DOWNLOAD THE NVIDIA GPU MANAGER

1. Log on to the NVIDIA Application Hub, and navigate to the “NVIDIA Licensing
Portal” (https://nvid.nvidia.com).
2. Navigate to “Software Downloads” and select “Non-Driver Downloads”
3. Change Filter to “VMware vCenter” (there is both VMware vSphere, and VMware
vCenter, pay attention to select the correct).
4. To the right of “NVIDIA GPU Manager Plug-in 1.0.0 for VMware vCenter”, click
“Download” (see below screenshot).

NVIDIA GPU Manager Download Page

After downloading the package and extracting, you should be left with the OVA,
along with Release Notes, and the User Guide. I highly recommend reviewing the
documentation at your leisure.

DEPLOY AND CONFIGURE THE NVIDIA GPU MANAGER

We will now deploy the NVIDIA GPU Manager OVA appliance:

1. Deploy the OVA to either a cluster with DRS, or a specific ESXi host. In
vCenter either right click a cluster or host, and select “Deploy OVF
Template”. Choose the GPU Manager OVA file, and continue with the wizard.
2. Configure Networking for the Appliance
* You’ll need to assign an IP Address, and relevant networking information.
* I always recommend creating DNS (forward and reverse entries) for the IP.
3. Finally, power on Appliance.

We must now create a role and service account that the GPU Manager will use to
connect to the vCenter server.

While the vCenter Administrator account will work, I highly recommend creating a
service account specifically for the GPU Manager that only has the required
permissions that are necessary for it to function.

1. Log on to your vCenter Server
2. Click on the hamburger menu item on the top left, and open
“Administration”.
3. Under “Access Control” select Roles.
4. Select New to create a new role.
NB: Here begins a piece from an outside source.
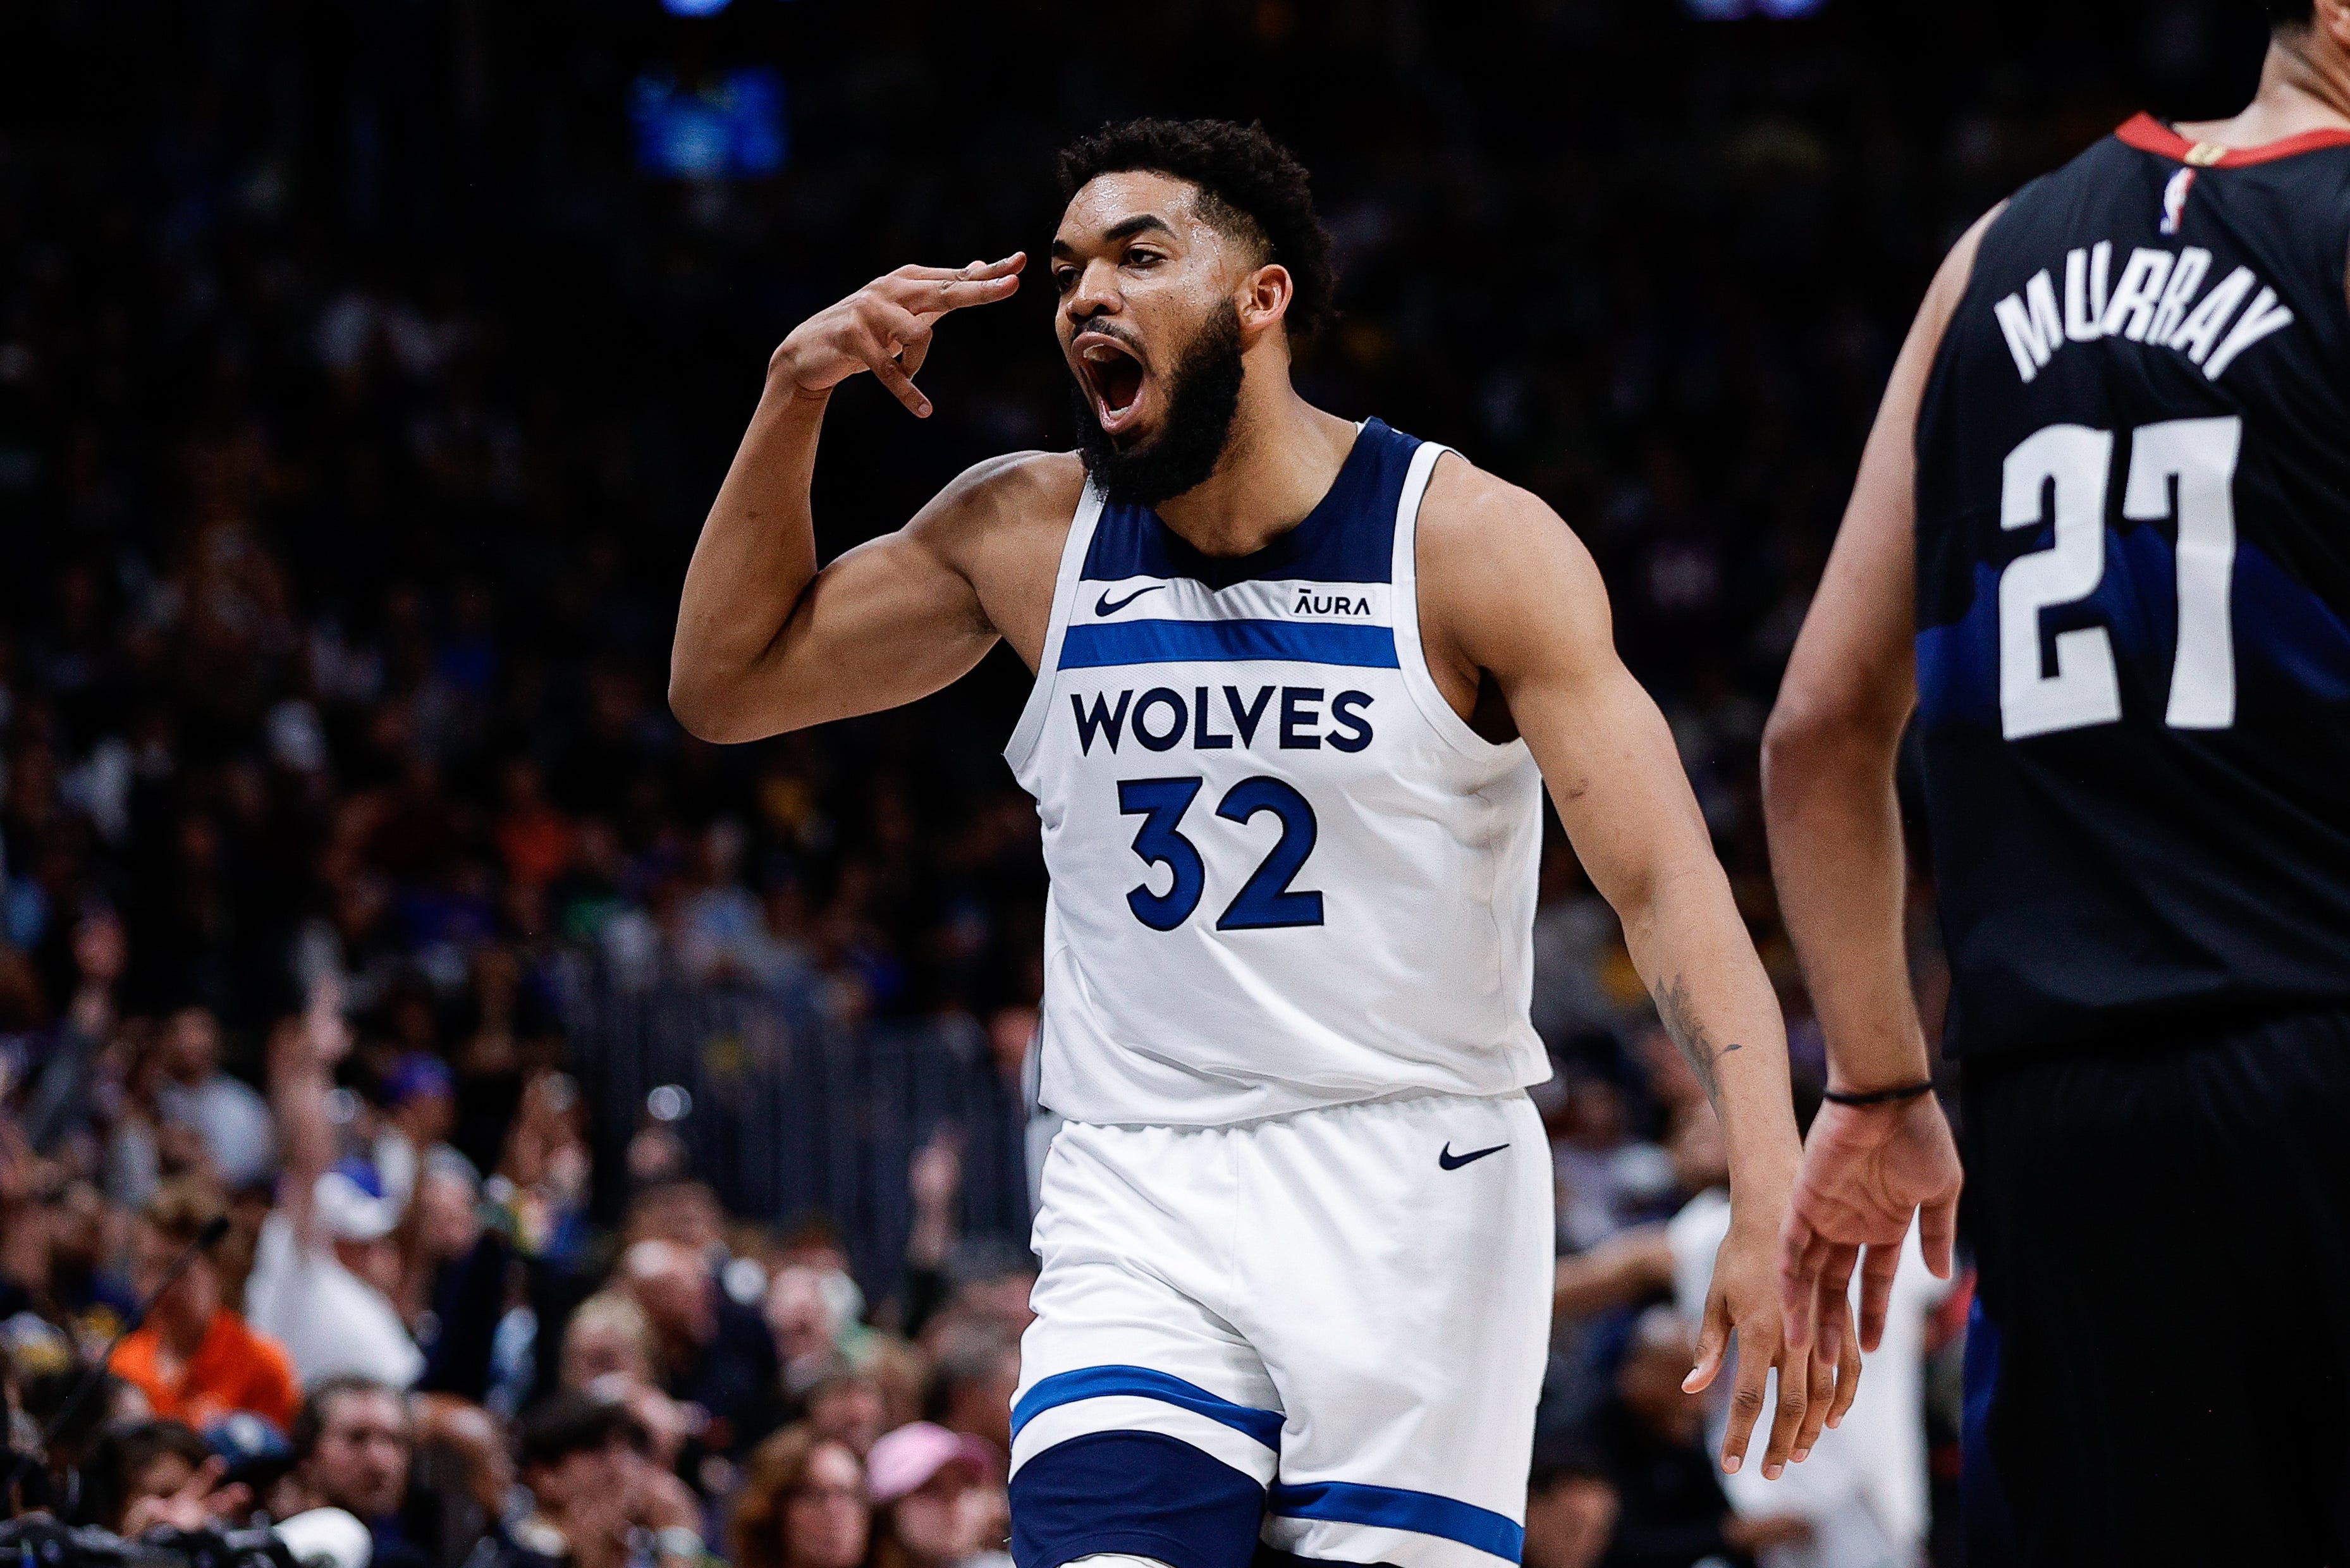 minnesota timberwolves dominate denver nuggets to take 2-0 nba playoff series lead
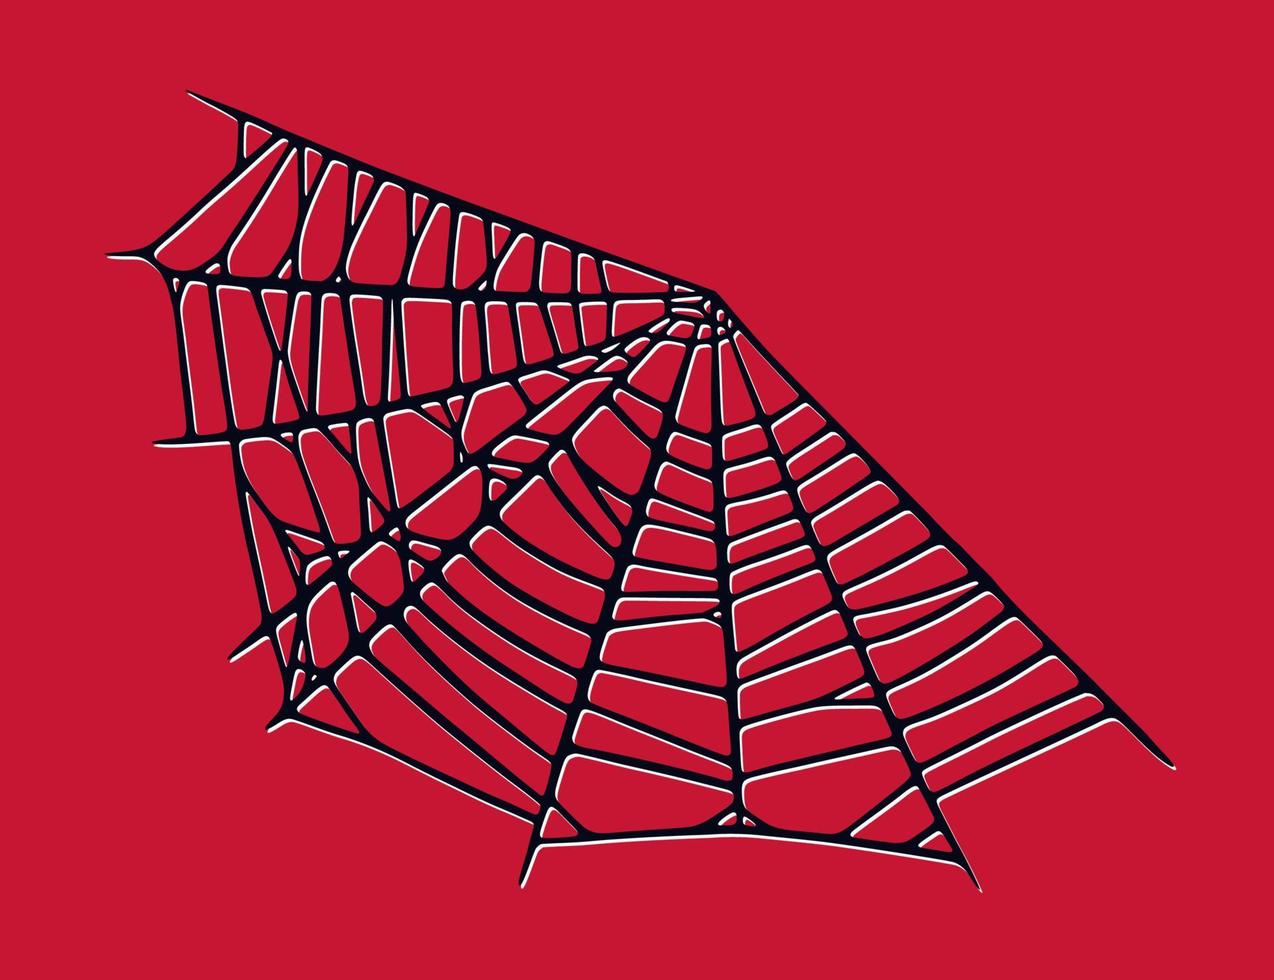 Spider web isolated on red background. Spooky Halloween cobwebs with red threads. Vector illustration

We can call it “NVIDIA Update Services”.
5. Assign the following permissions:
* Extension Privileges
* Register Extension
* Unregister Extension
* Update Extension
* VMware vSphere Lifecycle Manager Configuration Priveleges
* Configure Service
* VMware vSphere Lifecycle Manager Settings Priveleges
* Read
* Certificate Management Privileges
* Create/Delete (Admins priv)
* Create/Delete (below Admins priv)
* ***PLEASE NOTE: The above permissions were provided in the documentation
and did not work for me (resulted in an insufficient privileges error).
To resolve this, I chose “Select All” for “VMware vSphere Lifecycle
Manager”, which resolved the issue.***
6. Save the Role
7. On the left hand side, navigate to “Users and Groups” under “Single Sign
On”
8. Change the domain to your local vSphere SSO domain (vsphere.local by
default)
9. Create a new user account for the NVIDIA appliance, as an example you could
use “nvidia-svc”, and choose a secure password.
10. Navigate to “Global Permissions” on the left hand side, and click “Add” to
create a new permission.
11. Set the domain, and choose the new “nvidia-svc” service account we created,
and set the role to “NVIDIA Update Services”, and check “Propagate to
Children”.
12. You have now configured the service account.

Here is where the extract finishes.